DESCRIPTION (provided by applicant): Peroxisome proliferation-activated receptor-gamma 1 (PPAR?) is expressed at very high levels in colonic epithelial cells. Activation of this receptor by thiazolidinedione (TZD) drugs inhibits formation of pre-neoplastic aberrant crypt foci (ACF) in pre-clinical models of sporadic colon cancer. Humans who have large numbers of ACF are at risk for colon cancer, and the pre- clinical data suggest that activation of PPAR? might reduce the burden of ACF in humans who are at risk for colon cancer. However, recent data linking TZDs to cardiovascular risk make it unlikely that any TZD will ever be used for colon cancer chemoprevention in humans. There is therefore a pressing need to figure out how to take advantage of the chemopreventive potential of PPAR? while by passing potential deleterious side effects. Our solution is to use PPAR? as a tool to identify genomic pathways that are involved in suppression of transformed growth of early stage colon cancer cells. These pathways can then be developed as chemopreventive targets downstream of PPAR?. As proof-of-concept, we have used a systems biology approach to identify calcineurin as a nodal PPAR? target that controls the activity of the NFATc family of transcription factors. PPAR? induces an endogenous calcineurin inhibitor (DSCR1), which inhibits calcineurin, leading to inhibition of NFATc activity and subsequent downregulation of key NFATc target genes involved in invasion (COX2) and proliferation (c-MYC).
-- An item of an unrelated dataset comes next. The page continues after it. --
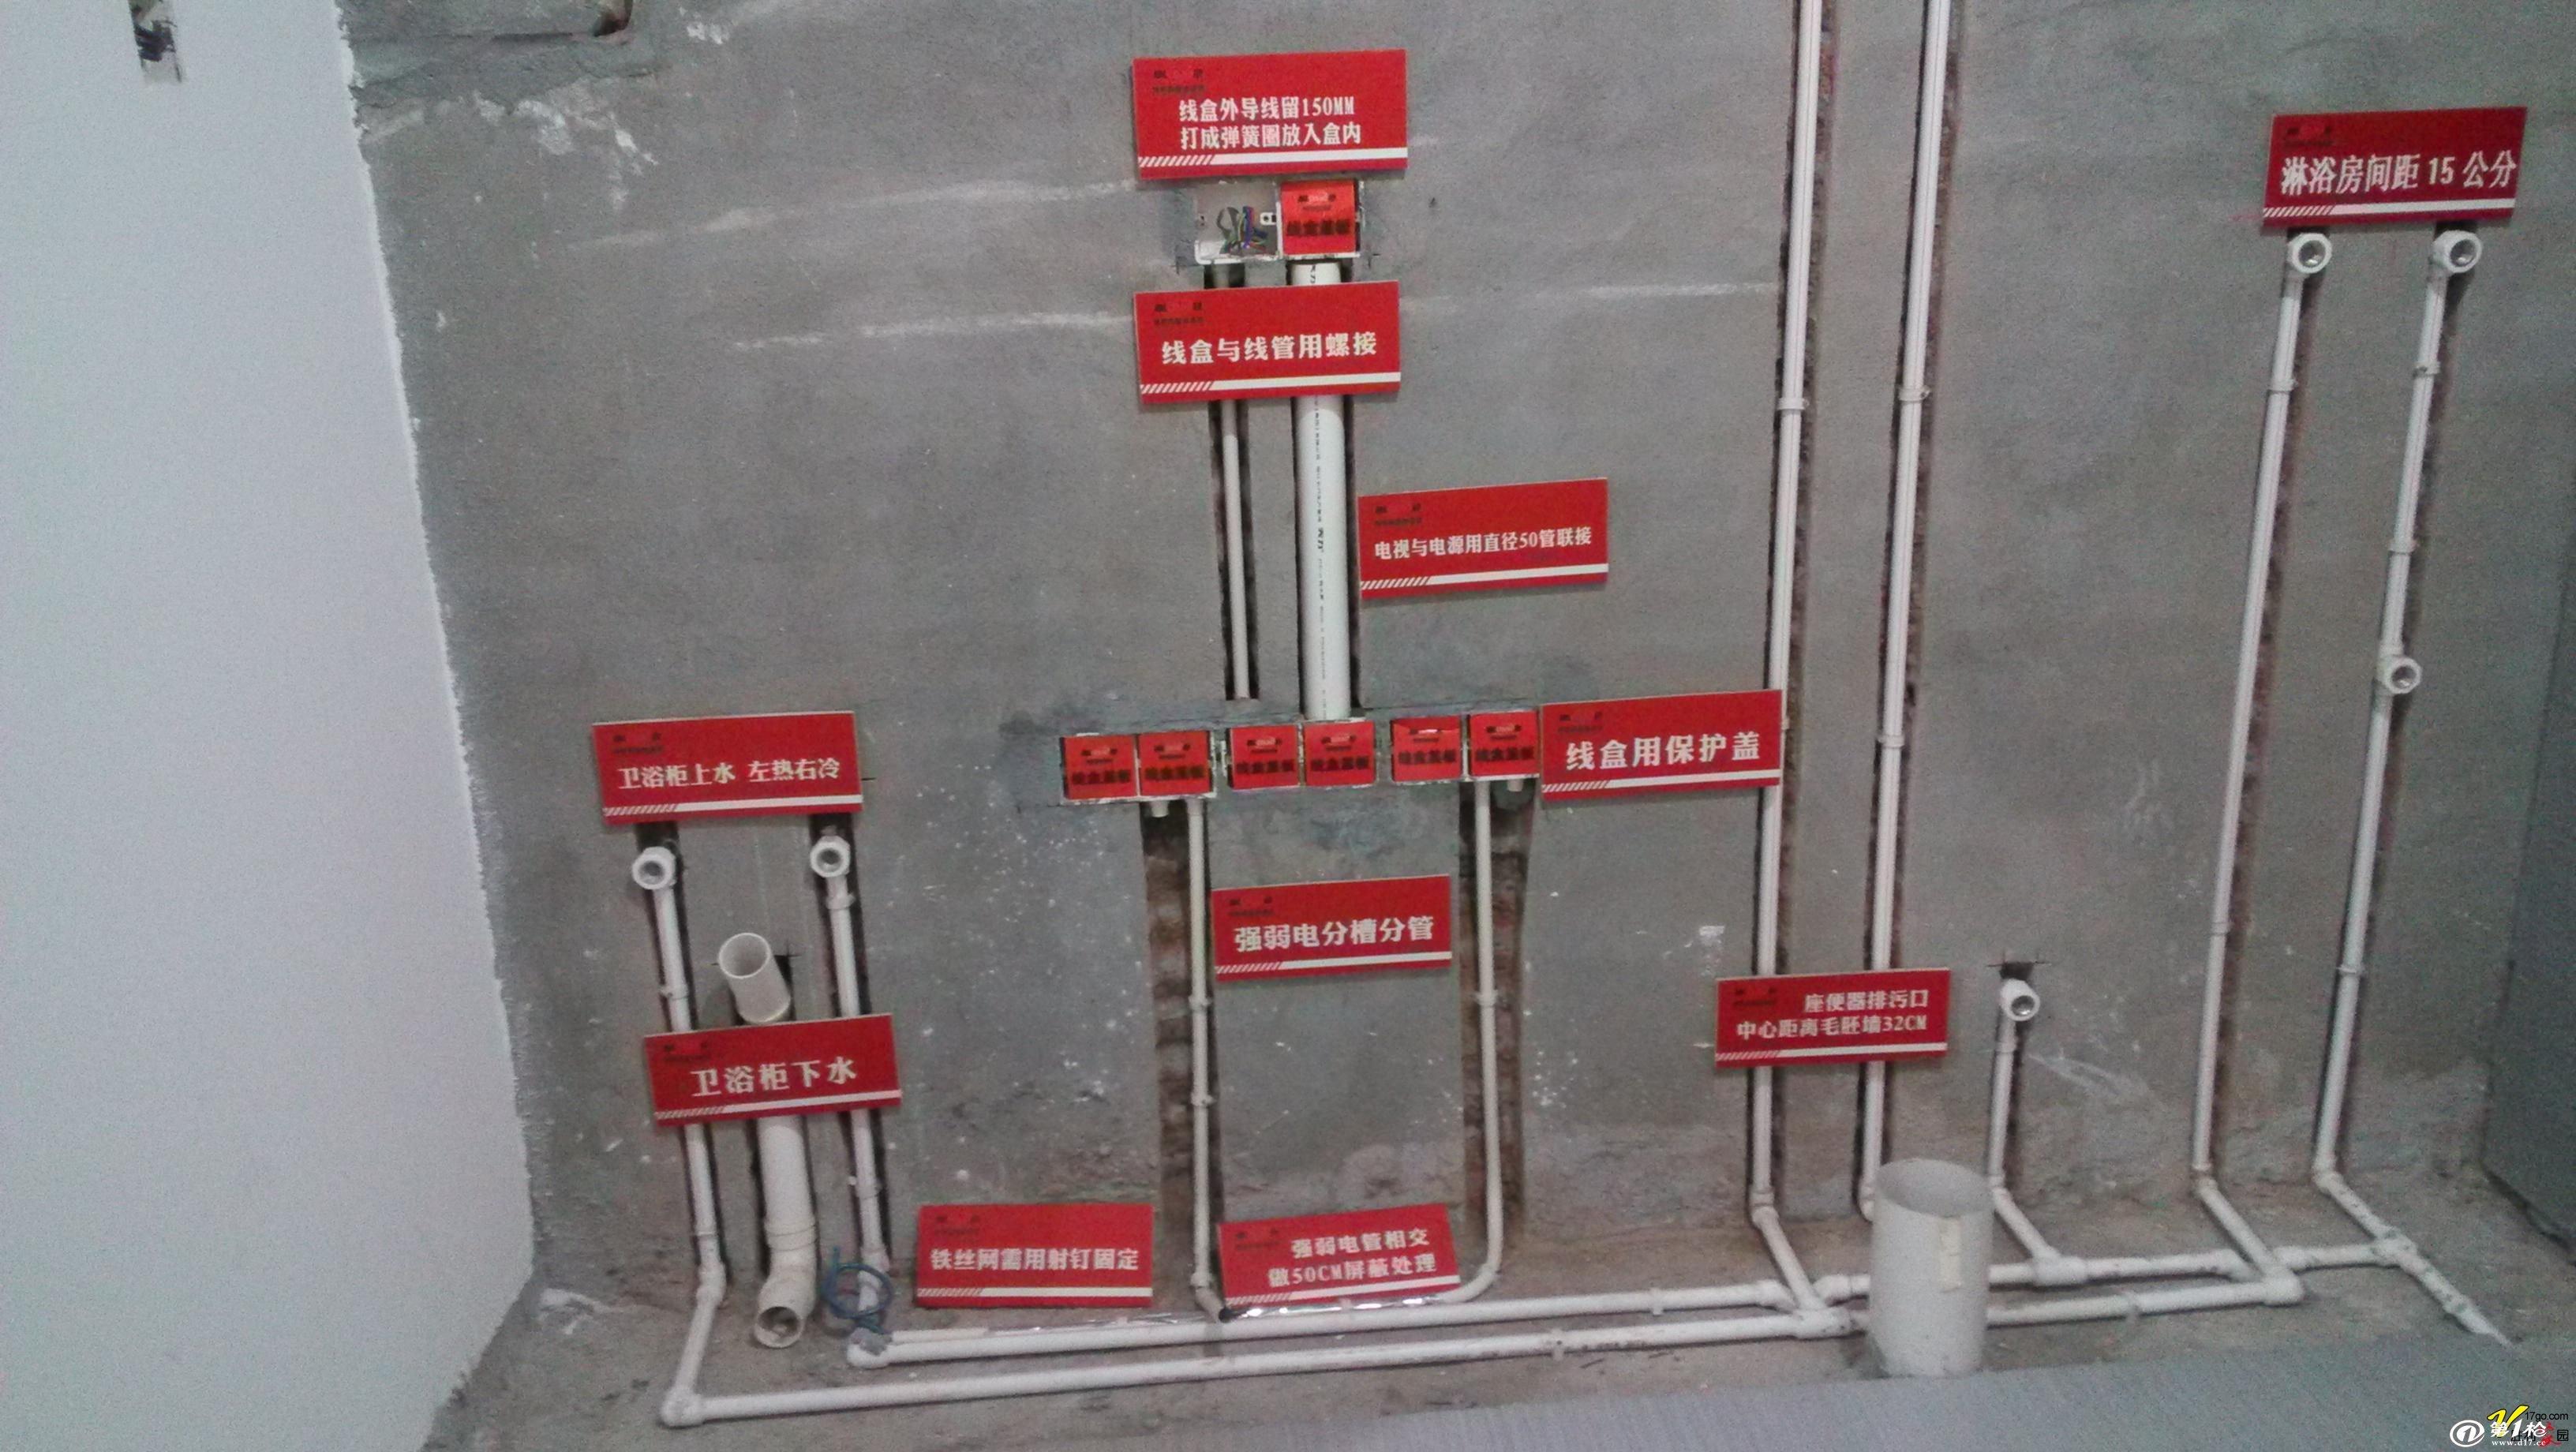 水电维修、水电改造、水电CAD图、水电施工。专业水电团队。 水电施工工艺流程 一.水电排管穿线的施工工艺要求 1.布线的原则:横平竖直.使用专用PVC阻燃型电线管,线管在线槽中必须固定,线盒与线管相接时应使用锁母,直管每隔80公分使用一个管卡,拐角处每隔20公分使用一个管卡。

Calcineurin is the product of several FDA-approved drugs which we will use to test the hypothesis that calcineurin is a nodal effector of a PPAR?-regulated pathway that controls invasion and proliferation of early stage colon cancer cells (Specific Aim 1). We will determine if genetic and pharmacological inhibition of calcineurin blocks ACF formation in azoxymethane-treated mice (Specific Aim 2). Finally, we will mine our genomic data to identify other PPAR?-regulated pathways that are linked to transformation and are targets of FDA-approved drugs. These pathways will be validated and evaluated for inhibition of proliferation and/or invasion in culture, with the view of testing their chemopreventive efficacy in vivo as part of our future goals.

描述（由申请人提供）： 在结肠上皮细胞中，过氧化物酶体增殖激活的受体伽马1（PPAR？）在非常高的水平上表达。噻唑烷二酮（TZD）药物激活该受体会抑制在散发性结肠癌的临床前模型中形成的肿瘤前异常隐窝灶（ACF）。拥有大量ACF的人有结肠癌的风险，并且临床数据表明PPAR的激活？可能会减轻患有结肠癌风险的人类ACF的负担。但是，最近将TZD与心血管风险联系起来的数据使得任何TZD都不可能用于人类的结肠癌化学预防。因此，迫切需要弄清楚如何利用PPAR的化学预防潜力？通过传递潜在的有害副作用。我们的解决方案是使用PPAR？作为识别参与抑制早期结肠癌细胞转化生长的基因组途径的工具。然后，这些途径可以作为PPAR下游的化学预防靶标发展。作为概念验证，我们使用了系统生物学方法来识别钙调神经酶为淋巴结PPAR？控制NFATC转录因子家族活性的目标。 ppar？诱导内源性钙调蛋白抑制剂（DSCR1），该抑制剂抑制钙调蛋白，导致抑制NFATC活性，并随后下调参与侵袭（COX2）和增殖的关键NFATC靶基因和增殖（C-Myc）。钙调蛋白是几种FDA批准的药物的产物，我们将用来检验钙调神经酶是PPAR？调节途径的淋巴结效应子的假设，该途径控制着早期阶段结肠癌细胞的侵袭和增殖（特定目标1）。我们将确定钙氧甲烷处理的小鼠中钙调神经酶阻滞的遗传学和药理抑制是否形成了ACF的形成（特定的目标2）。最后，我们将挖掘我们的基因组数据，以识别与转化有关的其他PPAR？调节的途径，并且是FDA批准的药物的靶标。这些途径将经过验证和评估，以抑制培养物中的增殖和/或侵袭，并将其作为我们未来目标的一部分测试其体内化学预防功效。